Lobbying by real estate investment trusts (REITs) and infrastructure investment trusts (InvITs) to rollback tax on distributions in the form of capital repayment has paid off to some extent.
In one of the major amendments to the Finance Bill 2023, passed on Friday, the tax impact on REITs and InvITs was softened with only a portion of such distributions being taxed in the hands of investors.
Budget proposal
On February 1, the Budget had proposed taxing such distributions in their entirety, at the marginal tax rates in the hands of unitholders. REITs and InvITs make distributions to their unit-holders in the form of interest, dividends, and rental all of which are pass-throughs and are taxed in the hands of unit-holders. A fourth way through return of capital were neither taxed in the hands of the trusts nor the unit-holders.
Under the amended laws only a portion of such distributions or a ‘specified sum’ will be taxed. The specified sum is arrived at after taking out the cost of acquisition from the distributed amount.
If a REIT or InvIT had an issue price of ₹100 and in 2024, the amount distributed (as capital repayment) was ₹20, there will be no tax on this since it is lower than the issue price.
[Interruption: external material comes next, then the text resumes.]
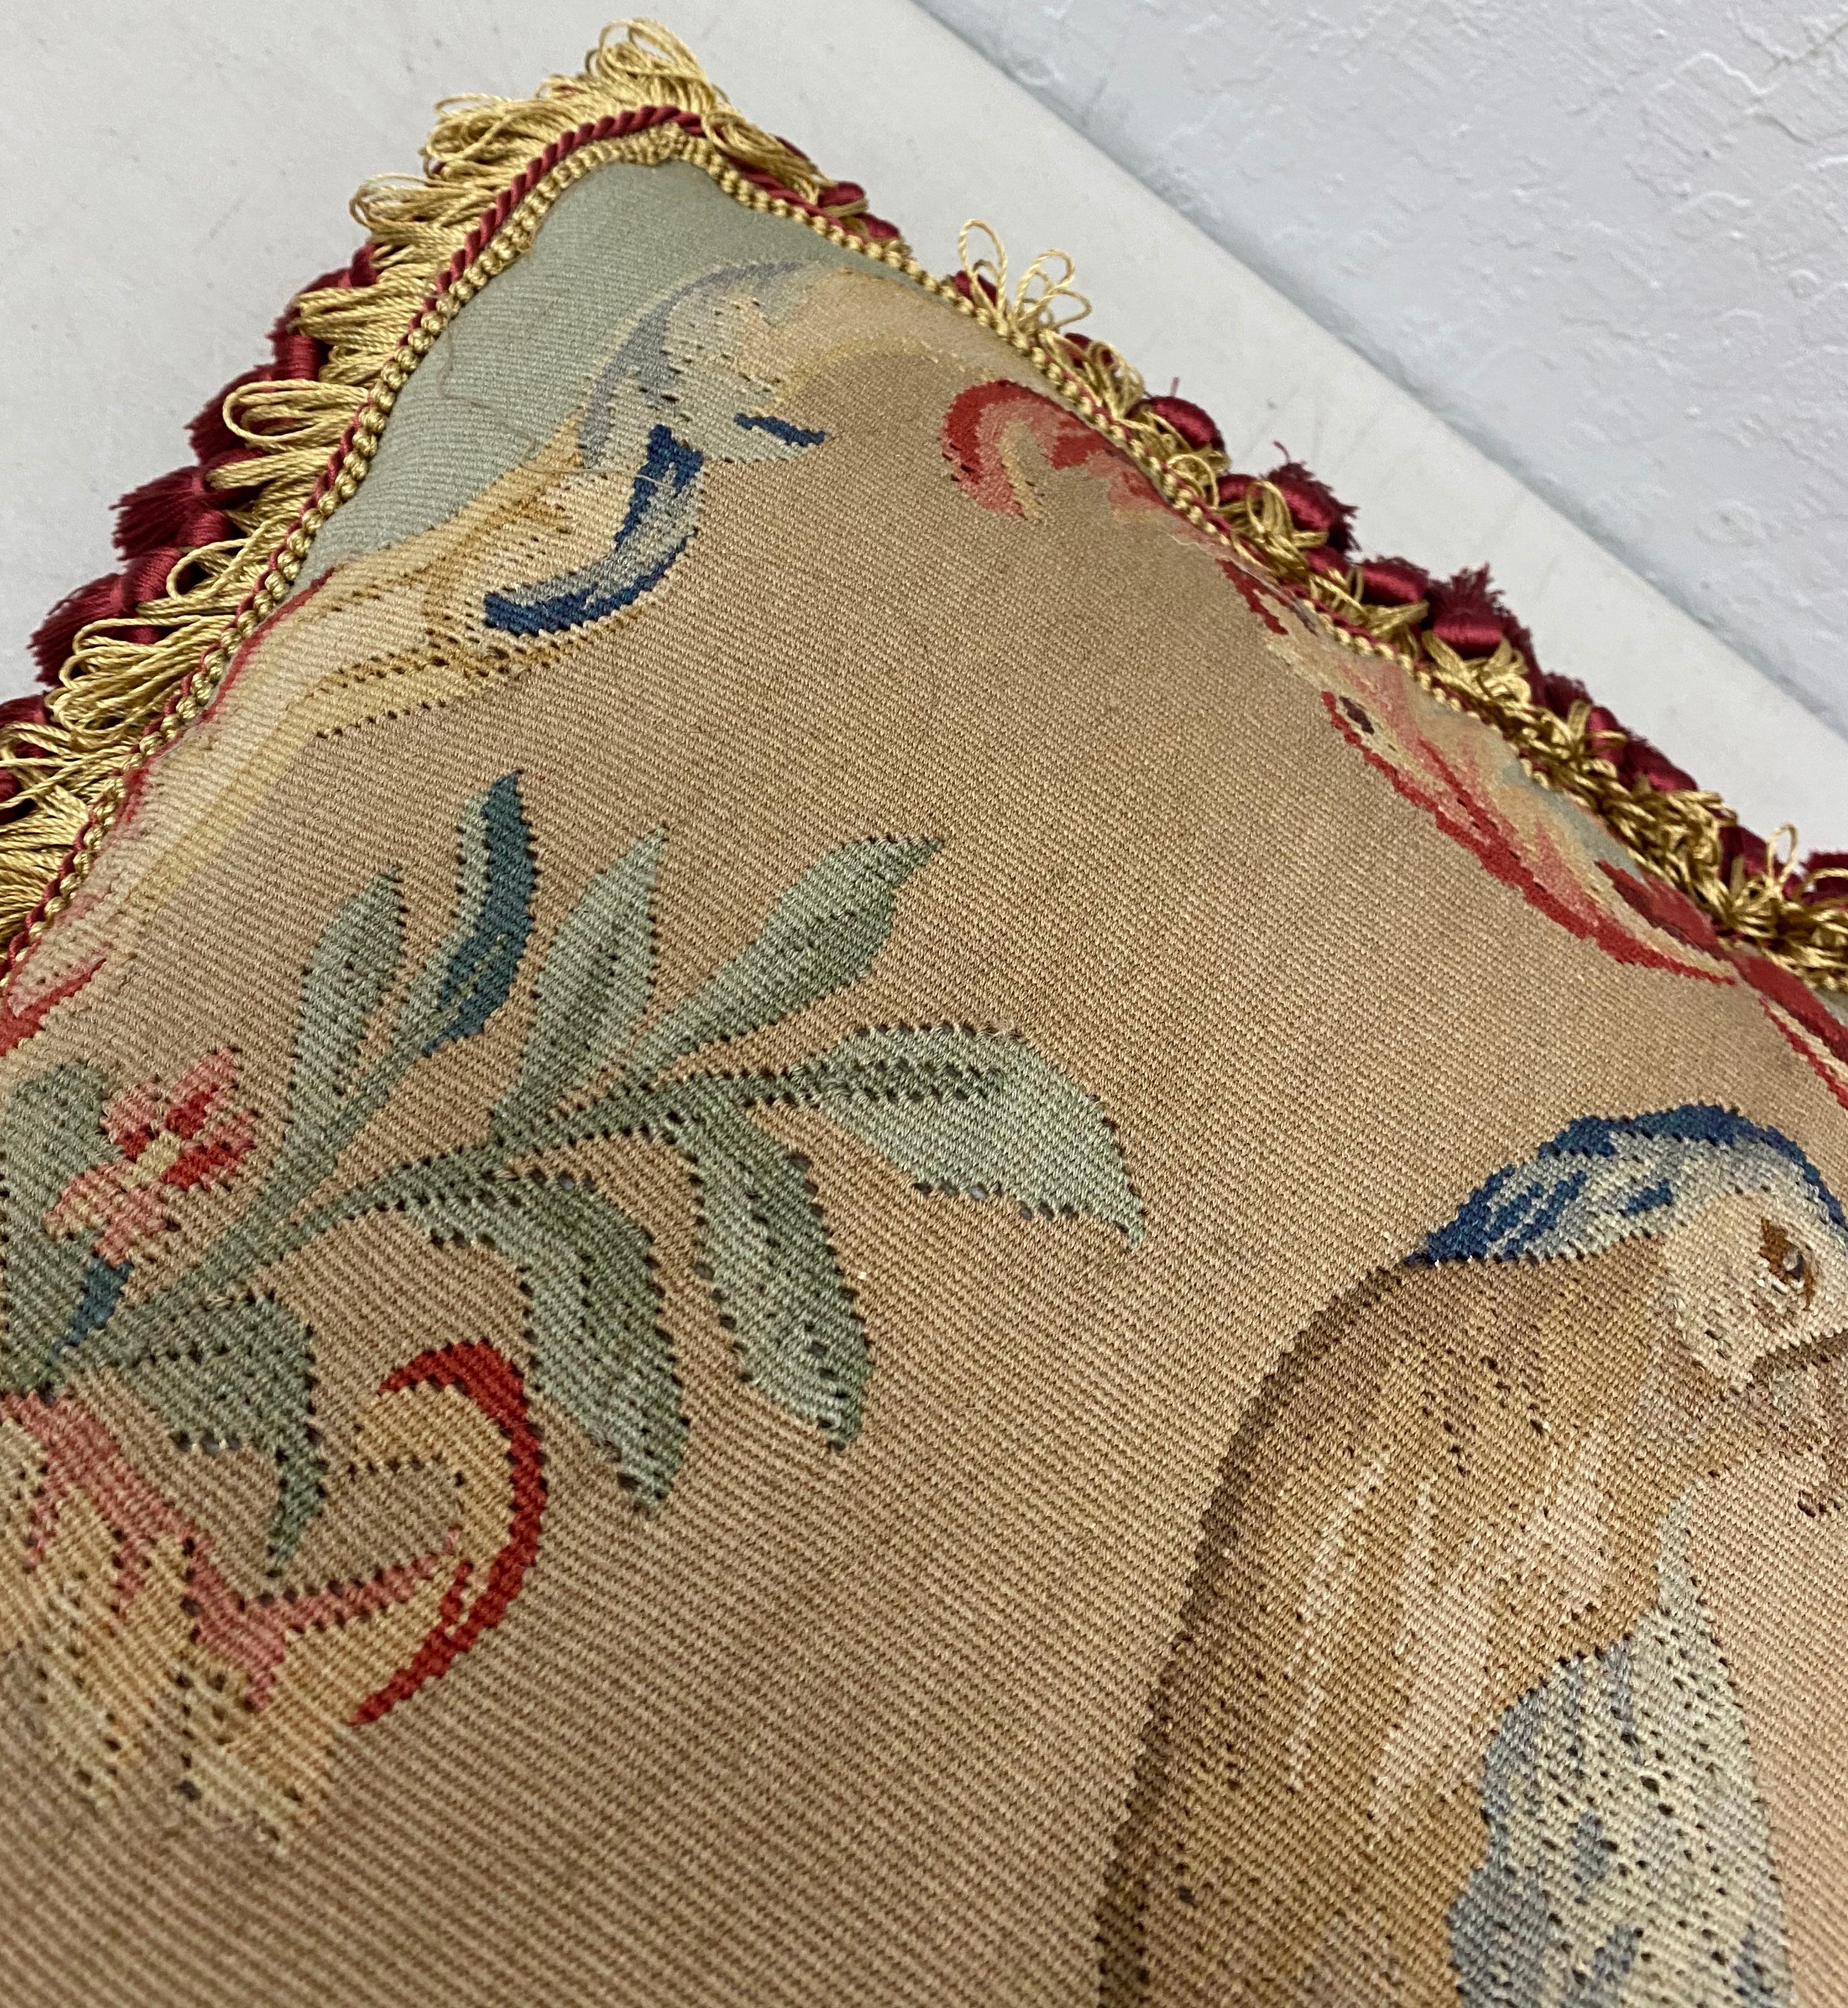 Hand-Crafted Pair of 19th Century Petit Point Panels over Mid-20th Century Pillows
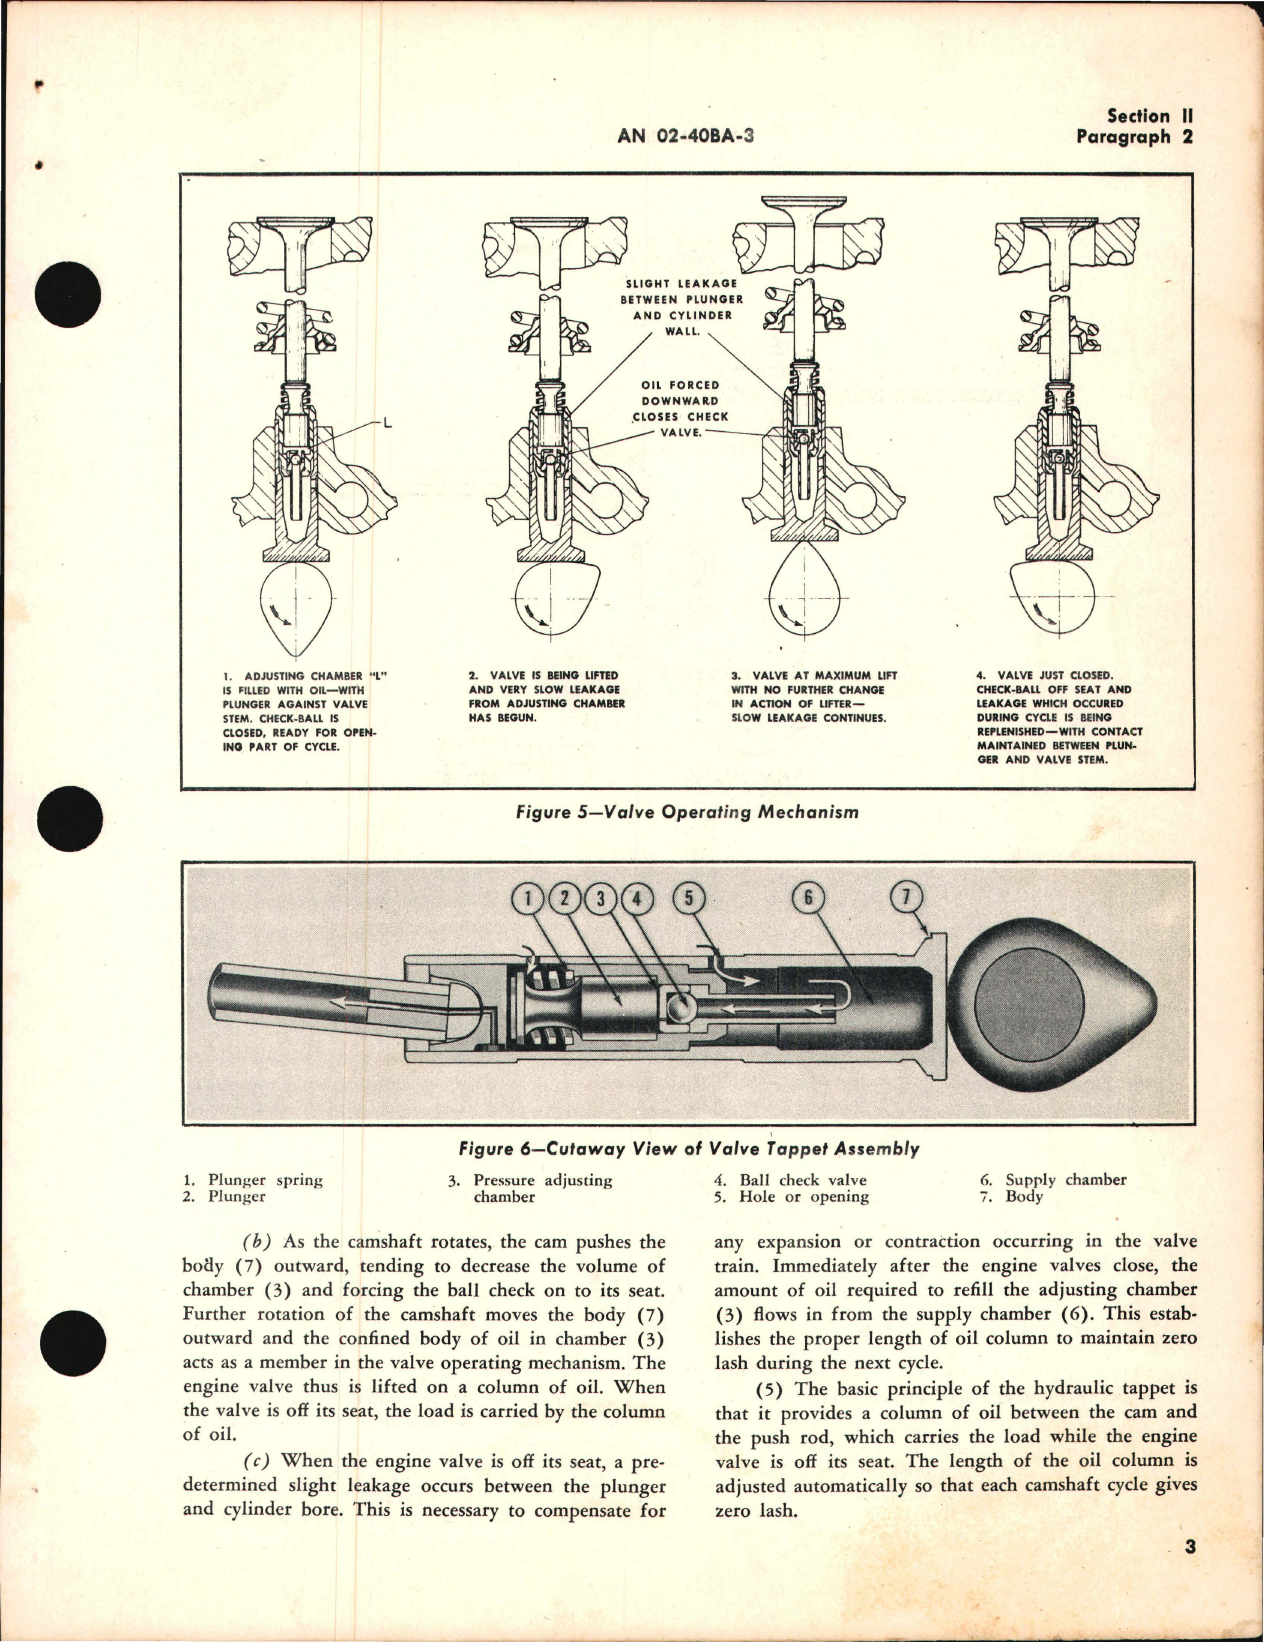 Sample page 7 from AirCorps Library document: Overhaul Instructions for O-170-3 and O-170-7 Engines

If in future the trust’s cumulative distribution becomes ₹110, then ₹10 is taxed in the hands of the unitholder. If in the subsequent year the amount increases to ₹130, then tax will be on ₹20, since tax has already been paid on ₹10 in the previous year.
Tax treatment
Embassy Office Parks REIT, which pays out about 40 per cent of its distribution in the form of repayment of capital, said the modification in tax impact would sustain the attractiveness of REITs as an asset class. “We welcome the recent announcement clarifying the tax treatment for the amortisation of SPV debt component,” said Vikaash Khdloya CEO, Embassy REIT.
Dinesh Kanabar, CEO, Dhruva Advisors, said that while the amendment of taxing only the upside over and above the cost of the units, where no redemption is involved, was welcome the industry’s expectations that it would be treated as long-term capital gains and not other income had not found favour. He said the sector had made multiple representations on this.
A similar view was echoed by Harsh Shah, CEO, IndiGrid. “In-sync with the spirit of the distribution methodology, the adjustment of capital repayment’ component of the distribution per unit against cost of acquisition will help in bringing the much-needed clarity on taxability of distributions,” he said.
But, he added that alignment to the LTCG treatment for business trusts, concurrent with equity instruments, would have been better in increasing liquidity and mobilising greater capital in the Indian infrastructure sector.